M1. Directly override the parameters via the command line:

python examples/mlp/train_ppol_agent.py --arg value --arg2 value2 ...

where --arg specify the parameter you want to override. For example, --task SafetyAntRun-v0. Note that if you specify --use_default_cfg 1, the script will automatically use the task’s default parameters for training. We plan to release more default configs in the future.

M2. Use pre-defined yaml or json` or toml configs. For example, you want to use a different learning-rate and training epochs from our default ones, create a my_cfg.yaml:

task: "SafetyDroneCircle-v0"
epoch: 500
lr: 0.001

Then you can starting training with above parameters by:

python examples/mlp/train_ppol_agent.py --config my_cfg.yaml

where --config specify the path of the configuration parameters.

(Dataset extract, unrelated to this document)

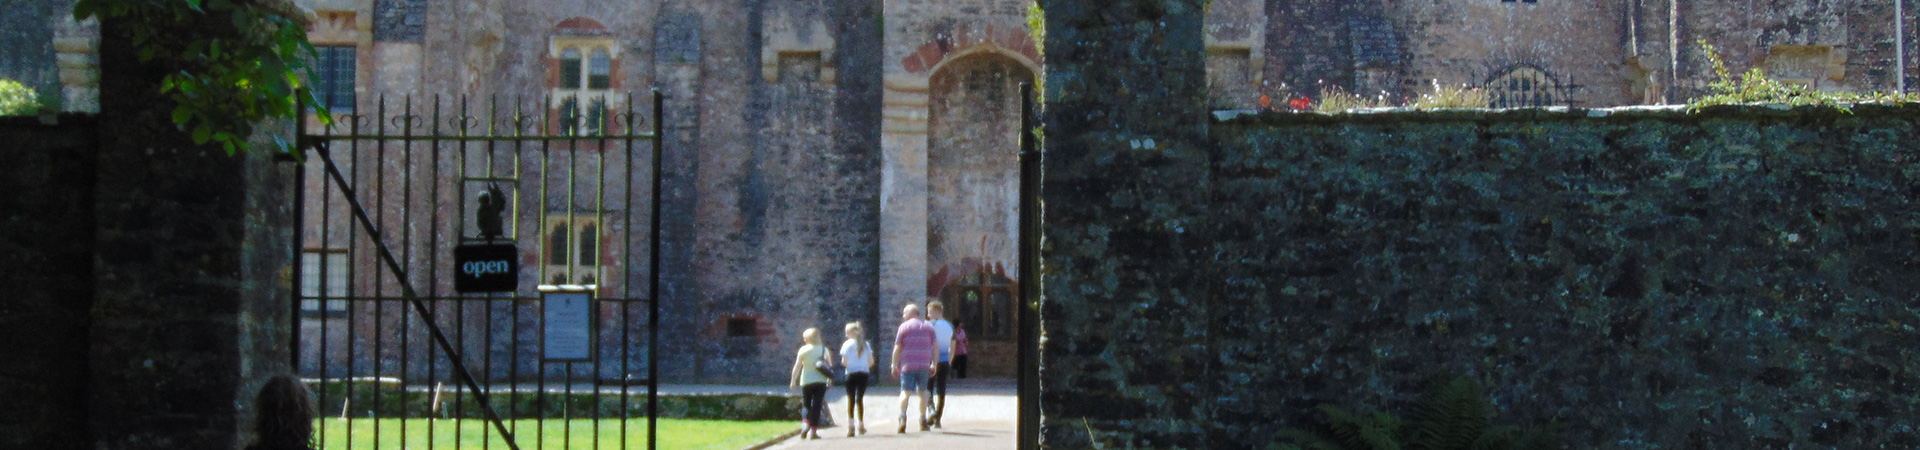 Tudor Day at Compton Castle

M3. Inherent the config dataclass in the fsrl/config folder. For example, you can inherent the PPOLagAgent config by:

from dataclasses import dataclass
from fsrl.config.ppol_cfg import TrainCfg

@dataclass
class MyCfg(TrainCfg):
    task: str = "SafetyDroneCircle-v0"
    epoch: int = 500
    lr: float = 0.001

@pyrallis.wrap()
def train(args: MyCfg):
    ...

Then, you can start training with your own default configs:

python examples/mlp/train_ppol_agent.py

Note that our example scripts support the auto_name feature, meaning that it can automatically compare your specified hyper-parameters with our default ones, and create the experiment name based on the difference. The default training statistics are saved in the logs directory.

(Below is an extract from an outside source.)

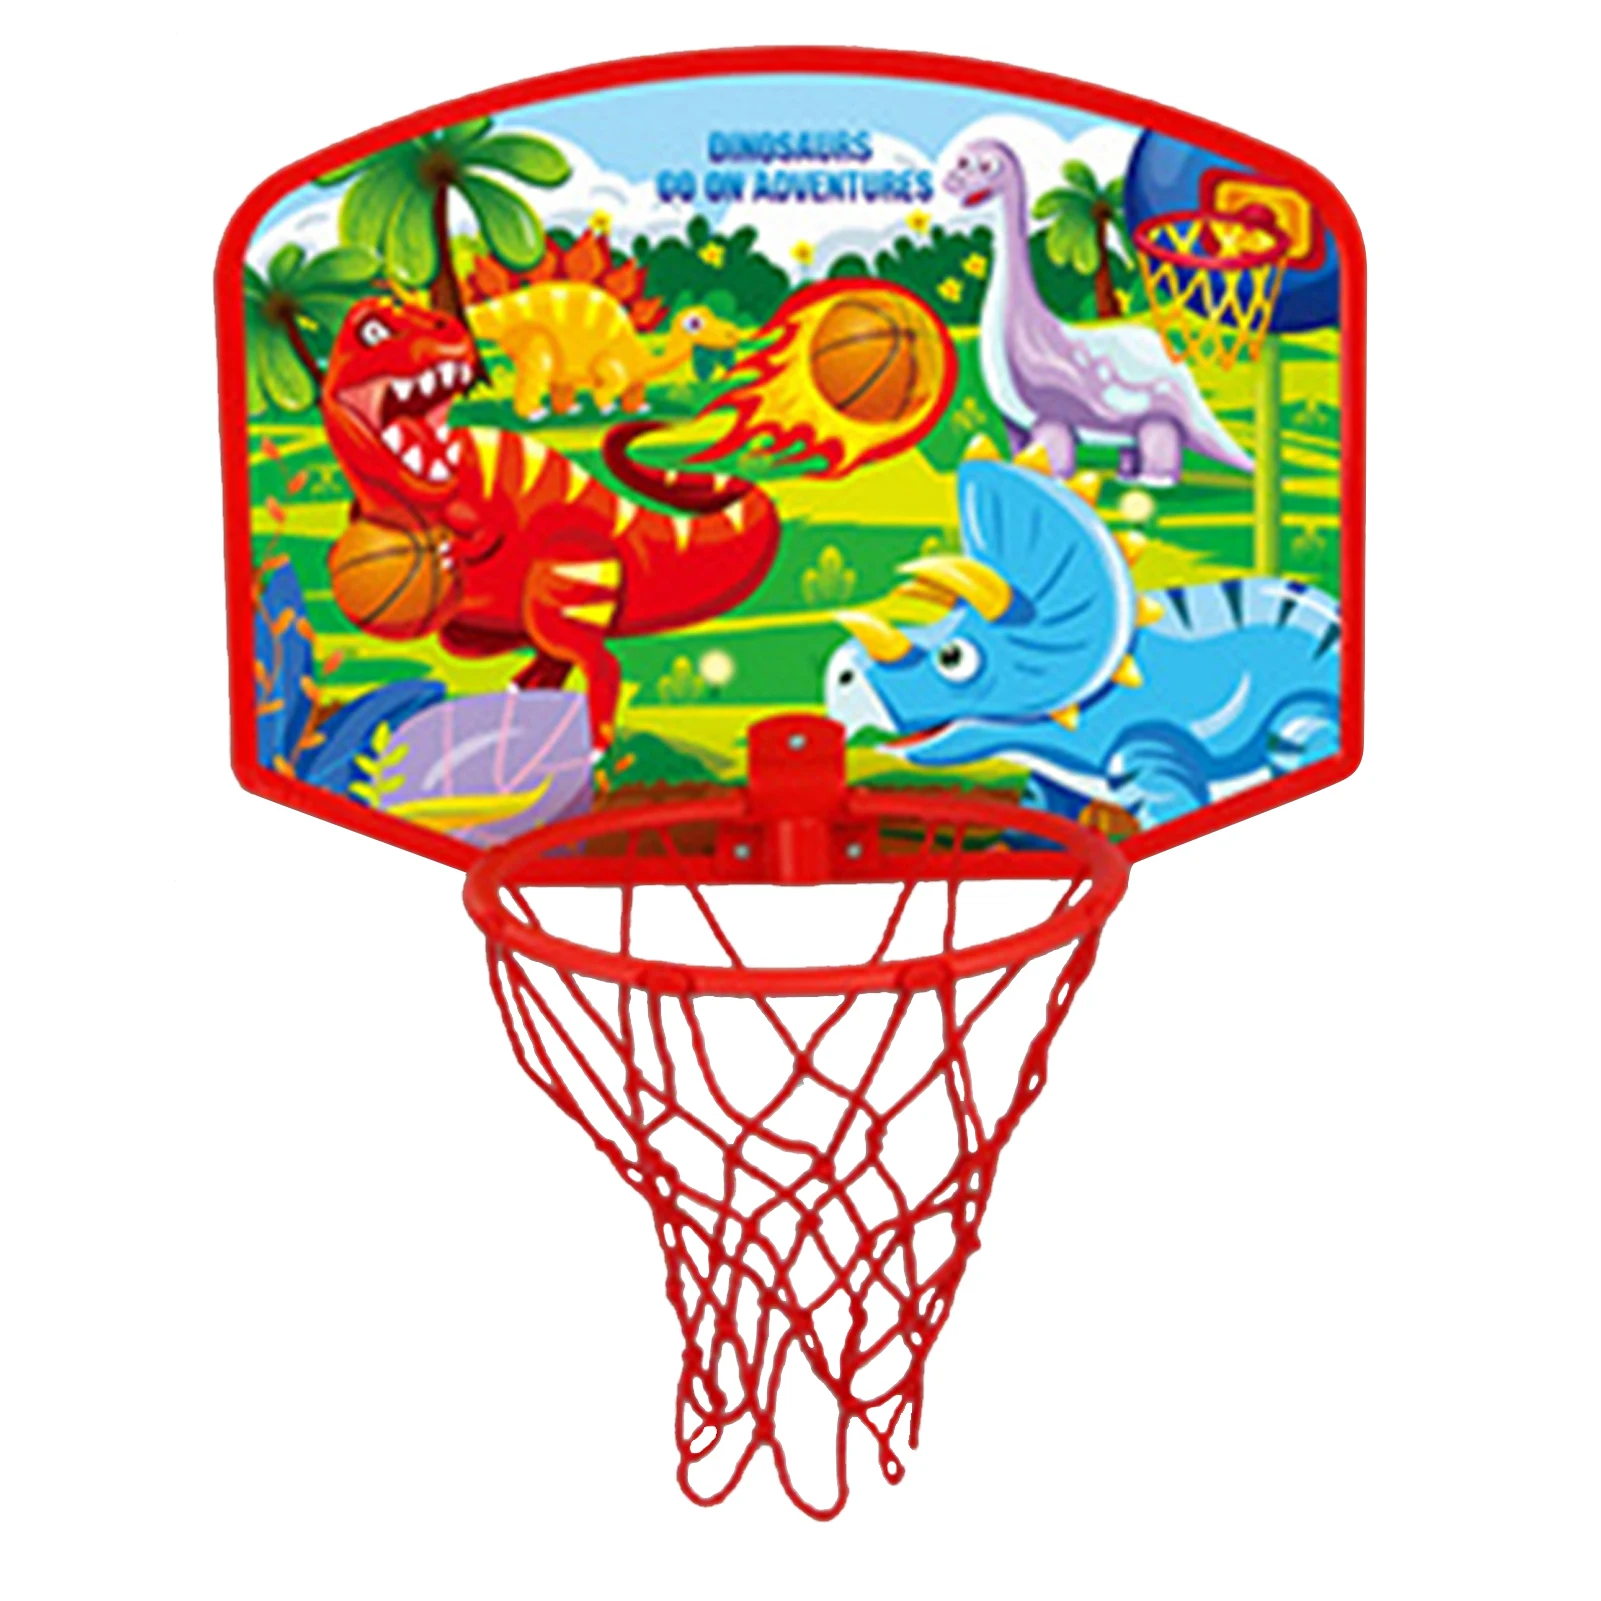 

Пластиковая баскетбольная доска, обруч, мини-сетевая доска, набор сетки, детские игрушки для уличных упражнений, спортивное оборудование

Training with customized networks¶

While the pre-defined MLP agent is sufficient for solving many existing safe RL benchmarks, for more complex tasks, it may be necessary to customize the value and policy networks. Our modular design supports Tianshou’s style training scripts. Example training scripts can be found in the examples/customized folder. For more details on building networks, please refer to Tianshou’s tutorial, as our algorithms are mostly compatible with their networks.

Evaluate trained models¶

To evaluate a trained model, for example, a pre-trained PPOLag model in the logs/exp_name folder, run:

python examples/mlp/eval_ppol_agent.py --path logs/exp_name --eval_episodes 20

It will load the saved config.yaml from logs/exp_name/config.yaml and pre-trained model from logs/exp_name/checkpoint/model.pt, run 20 episodes and print the average reward and cost. If the best model is saved during training, you can evaluate it by setting --best 1.

Logger features¶

Save training configurations to a .yaml file and training statistics to a .txt file.
Pass in a checkpoint_fn hook to save models.
Support both Wandb and TensorBoard.
The store can be called many times during one epoch and the data will be stored in a temporary buffer.
The write function logs metrics based on the average of previously stored data.
Print out stored data in tabular format for specific key metrics.